Jay Hannah <jay@jays.net>:
> -ponder-  I need to study Benchmark. Looks cool. What's the point of
> @x? Can
> 
>     sub j9 { my @x = sort by_date @dates }
> 
> be written as
> 
>     sub j9 { sort by_date @dates }
> ?

No. Benchmark calls the subs in scalar context; the my @x is used to
force sort to be called in list context. As for what sort *should*
do in scalar context, noone is really sure -- the latest consensus
is that it should play nethack:

<http://www.nntp.perl.org/group/perl.perl5.porters/92250>
<http://www.nntp.perl.org/group/perl.perl5.porters/92477>
 
>> sub j1 {
>>     my @x = map { substr($_,4) } sort map { substr($_,4).$_ } @dates
>> }
> 
> -laugh-  Took me 3 minutes to figure out what that does. map tends to 
> confuse my limited synapses.
> 
>> Which surprised me.
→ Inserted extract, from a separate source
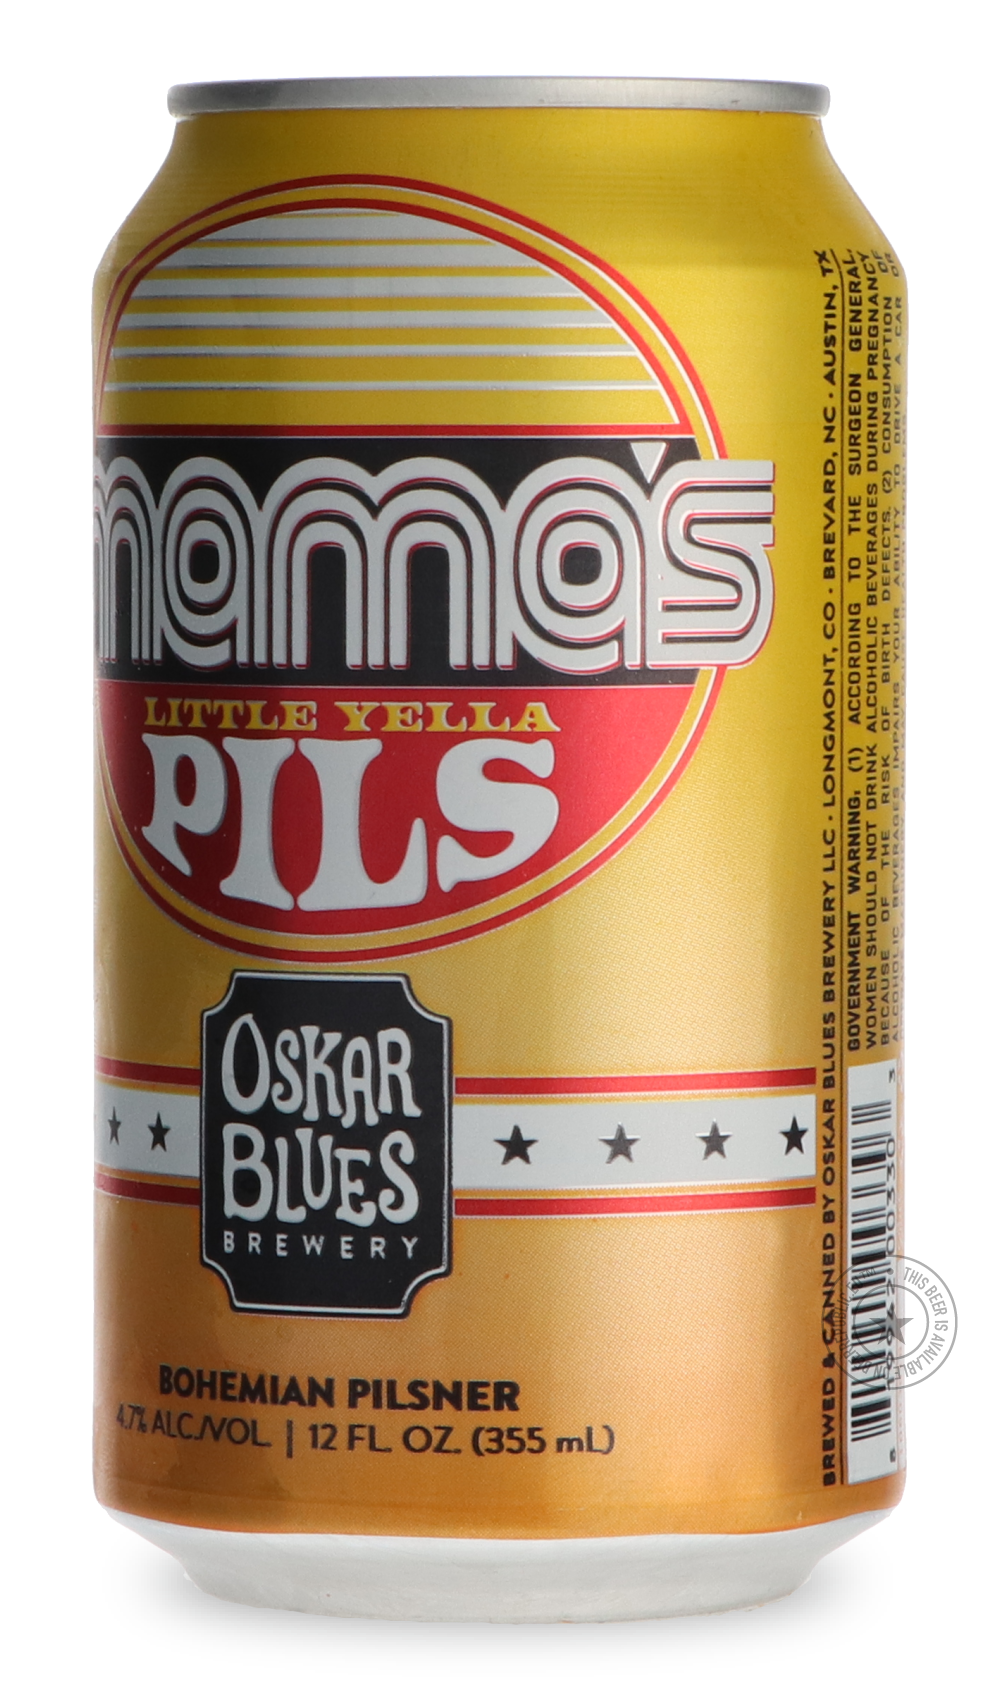 -Oskar Blues- Mama's Little Yella-Pale- Only @ Beer Republic - The best online beer store for American & Canadian craft beer - Buy beer online from the USA and Canada - Bier online kopen - Amerikaans bier kopen - Craft beer store - Craft beer kopen - Amerikanisch bier kaufen - Bier online kaufen - Acheter biere online - IPA - Stout - Porter - New England IPA - Hazy IPA - Imperial Stout - Barrel Aged - Barrel Aged Imperial Stout - Brown - Dark beer - Blond - Blonde - Pilsner - Lager - Wheat - Weizen - Amber

I expected j1 to be much faster.
> 
> Usually its faster for me to re-write a use of map than it is for me to 
> figure out what I was doing when I wrote it. -grin- Typically I can't 
> grok map at a glance, which slows me down. Can't argue w/ fast 
> benchmarking though!
> 
> Thanks for the tips!

You're welcome. Actually, I wasn't trying to be silly on purpoose
(for once), just following the standard GRT sort hack:

<http://www.perlmonks.org/index.pl?node_id=145659>

The GRT and its cousin the Schwartzian Transform are usually a lot
faster whenever the comparison function is expensive because they
pre-compute the sort keys just n times (rather than n log n when
called by sort). The GRT is usually faster than the Schwartzian
Transform because sort without a sort block or function is done
in C and so is faster than interpreting the Perl sort function.